*STORED DATA*:
::::::
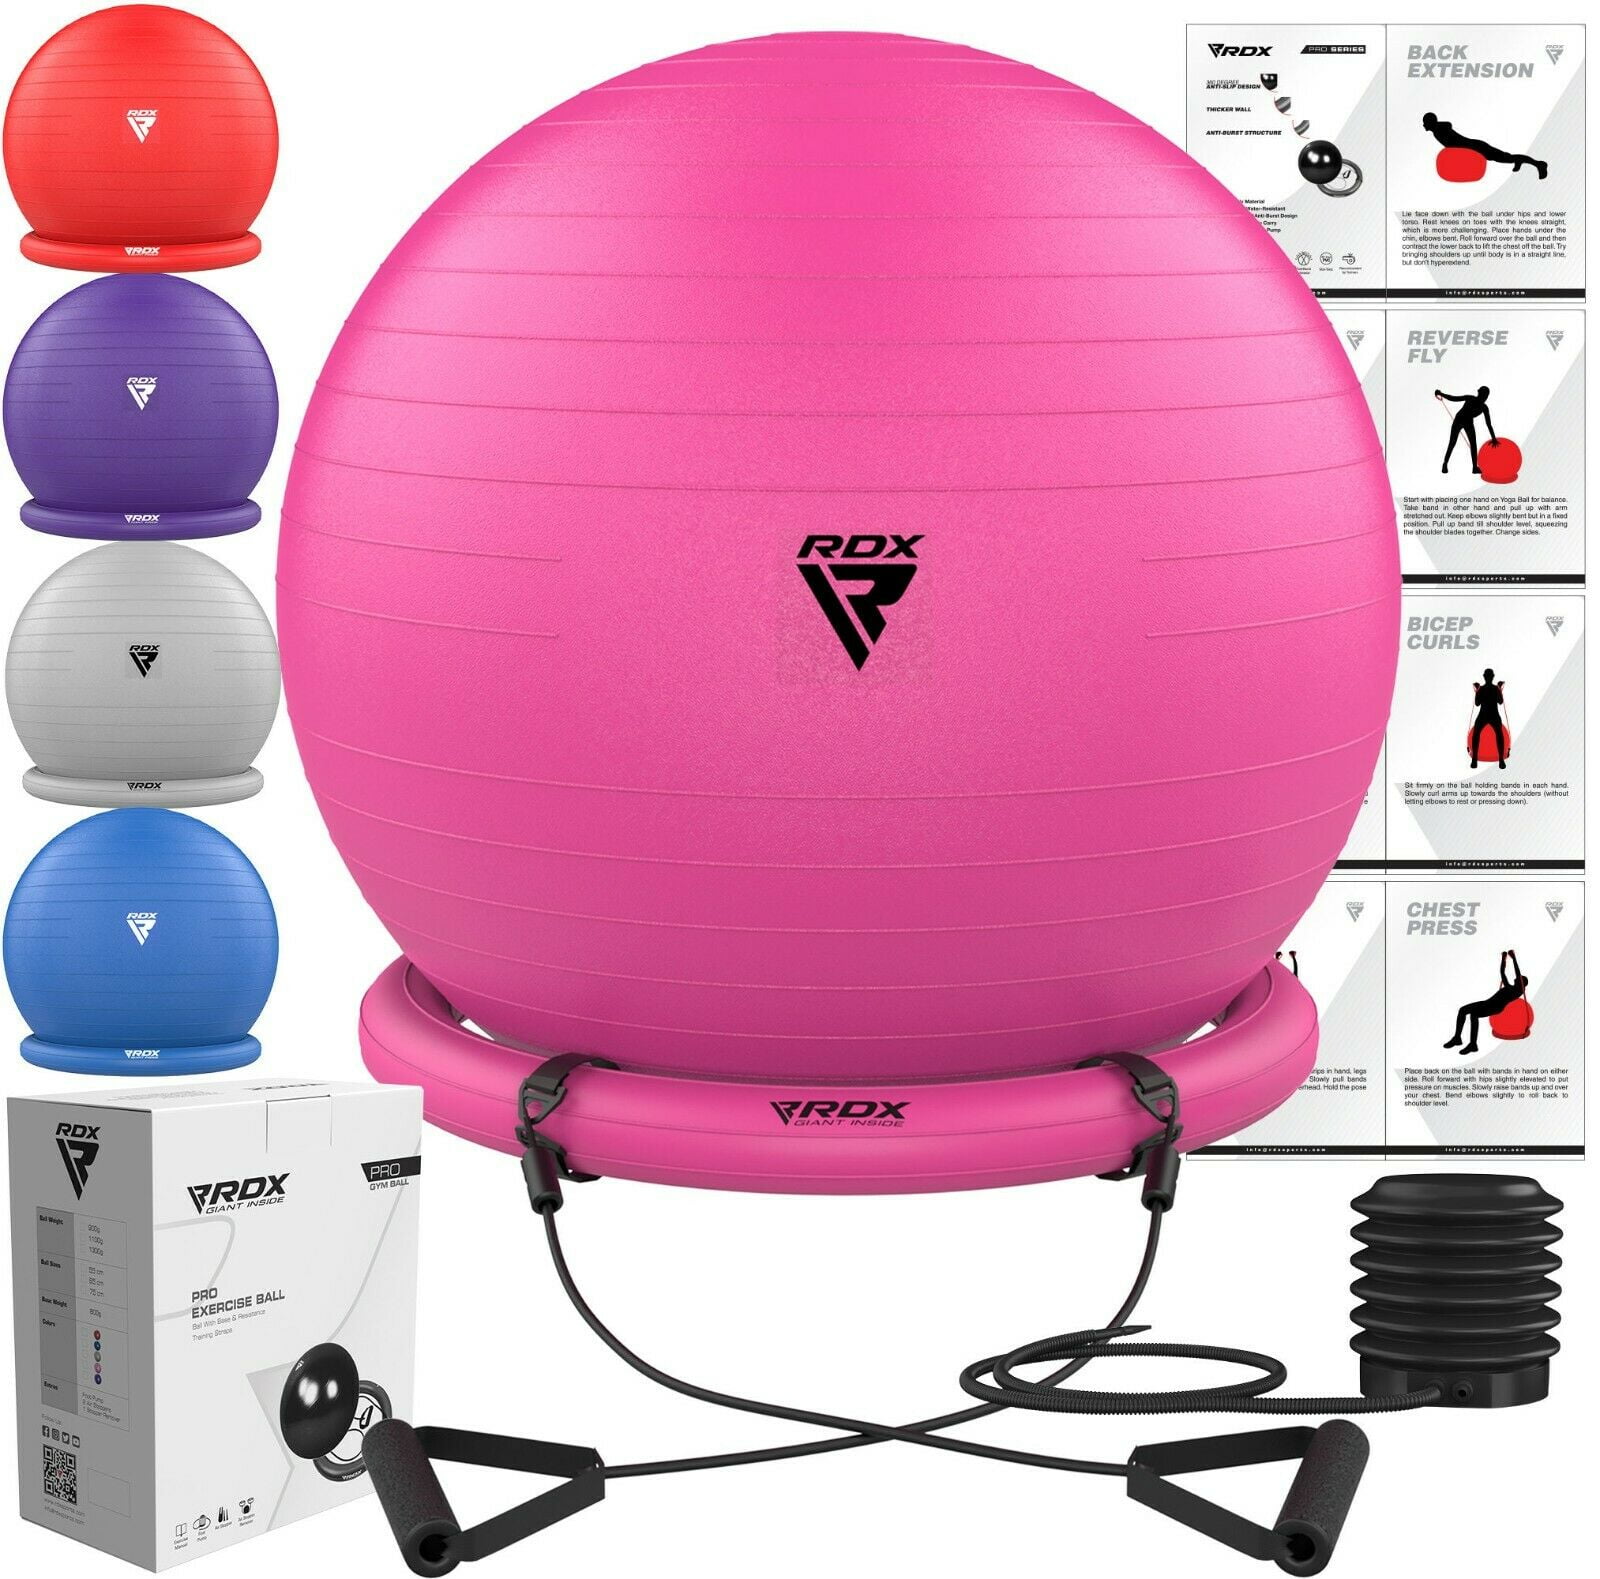 BIGTREE 75cm 2020 Upgrade Yoga Ball Exercise Fitness Core Stability Balance Strength Anti-Burst Heavy Duty Prenatal Birthing Yogaball Gray 29.5 
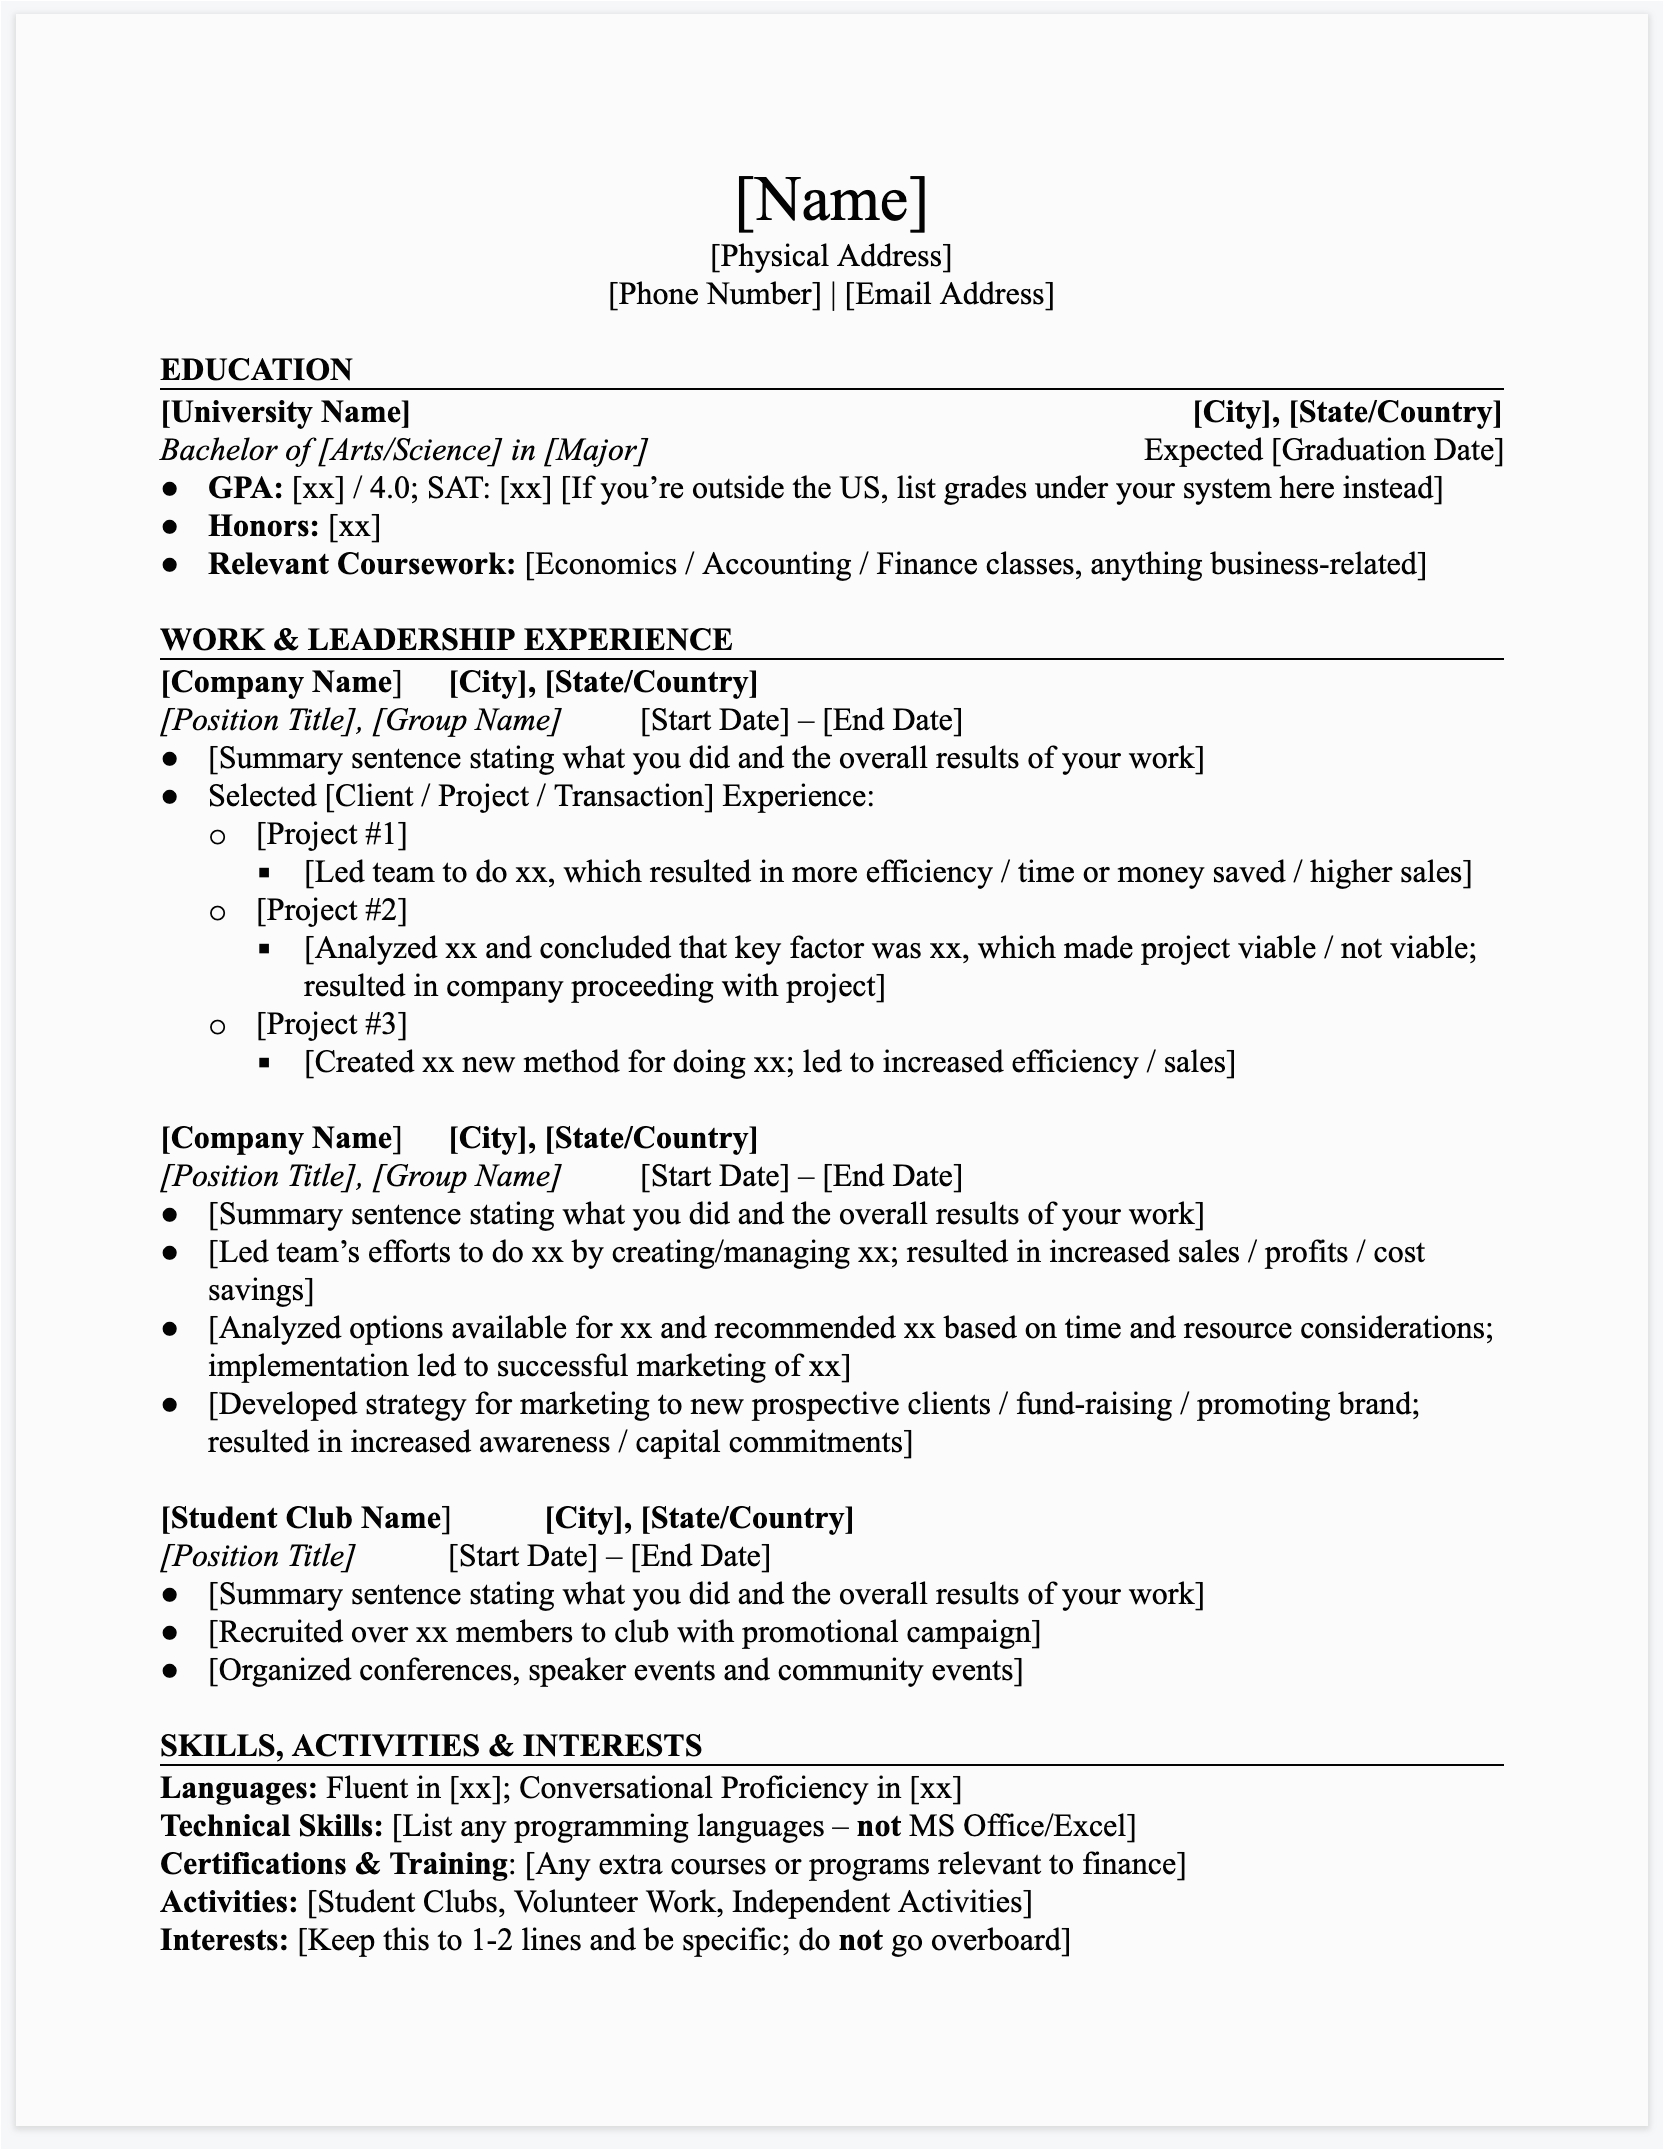 Ub School Of Management Resume Template Undergraduate Resume Template Doc 5 Law School Resume
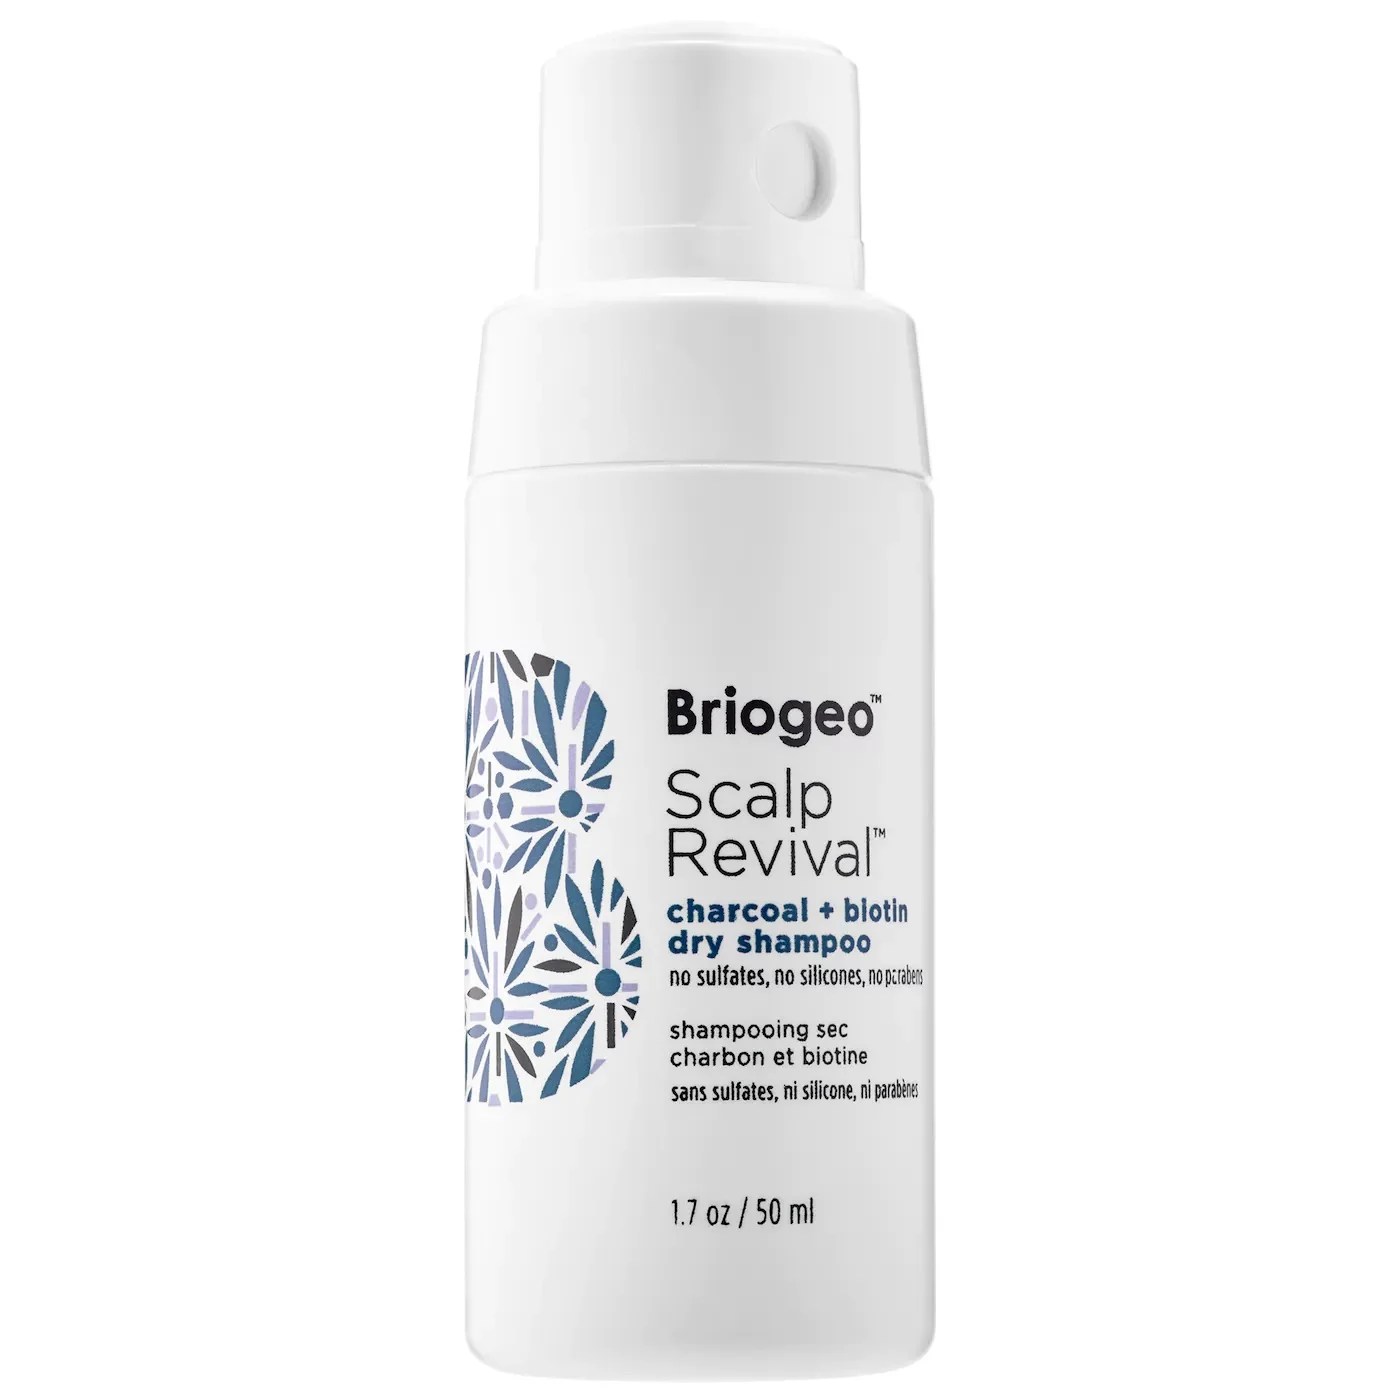 A bottle of Briogeo Scalp Revival Charcoal + Biotin Dry Shampoo.
::::::
*TASK DIRECTIONS*:
Exact repetition is the task: every line from the start of the data to the line with "Ub School Of", inclusive, and none after it, pictures omitted.

*RESPONSE TO THIS EXERCISE*:
 BIGTREE 75cm 2020 Upgrade Yoga Ball Exercise Fitness Core Stability Balance Strength Anti-Burst Heavy Duty Prenatal Birthing Yogaball Gray 29.5 
 Ub School Of Management Resume Template Undergraduate Resume Template Doc 5 Law School Resume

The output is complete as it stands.